By: Laoconnection.com, February 6, 2024
For Laos, the start of 2024 has seen continued news of high inflation throughout the economy in many sectors and across a variety of products and services.
While the Lao government has the goal of getting inflation to 9% for 2024, it remains in the double digits at the time of this writing. The average inflation in 2023 was 31.2%, according to the Lao Statistics Bureau.
As bad as the inflation rate currently is in Laos, is this the worst inflation the country has seen?
The answer is no. In fact, it's been worse before.
Retrospective
For those who may recall, the Asian Financial Crisis in 1997 saw many Asian economies falter and Laos was no exception during that time.
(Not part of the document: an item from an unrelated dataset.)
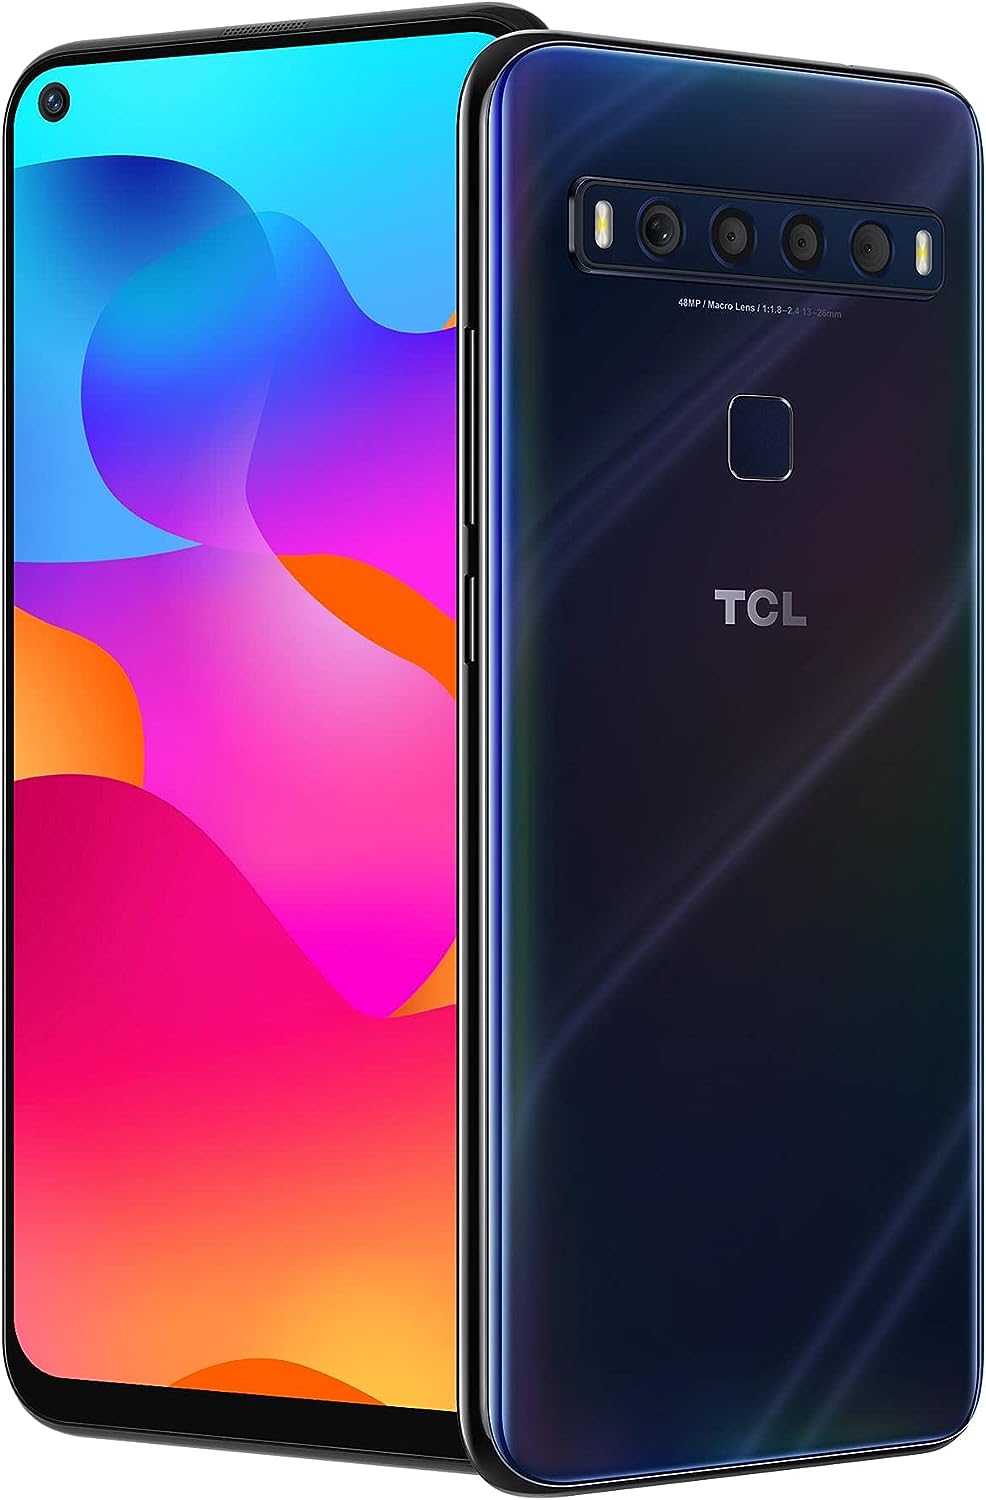 TCL 10L, Unlocked Android Smartphone with 6.53" FHD + LCD Display, 48MP Quad Rear Camera System, 64GB+6GB RAM, 4000mAh Battery

At the time, it relied heavily on Thai imports, its currency devalued against the Thai baht and US dollar, and it had many systemic and structural challenges.
The World Bank reported the ripple effects from that event, stating that the following year in 1998 the inflation rate in Laos skyrocketed to an astonishing 98%. Then in 1999, it increased even further to 125%. Fortunately, that inflation shock was short-lived and things eventually returned to normal.
Fast forward to 2024 and the country has had 2 years of high double digit inflation.
How this affects people
One of the least reported stories, though often discussed amongst the local population, is when hyper-inflation occurs it becomes especially challenging for low income households and the rural poor. Their situations are made worse by wages that increase only marginally.
For example, in 2023, for the month of May inflation was 39% while wage increases were only 5.7%, as reported by the World Bank.
What also compounds the situation is currency devaluation. The kip continues to lose value pushing more people to want Thai baht and US dollars which the Lao government has been attempting to restrict. The World Bank also noted that on average that a 1% fall in the value of the kip increases consumer prices by 0.5%. Inflation will remain high until exchange rates stabilize.With higher inflation, individuals and businesses are forced to cut back on their spending which admittedly is good for reducing inflation. However, it also reduces economic activity in an already low-middle income developing country such as Laos.
We know the Lao economy and the people of Laos will rebound from the current inflation crisis but how well they actually do so remains to be seen.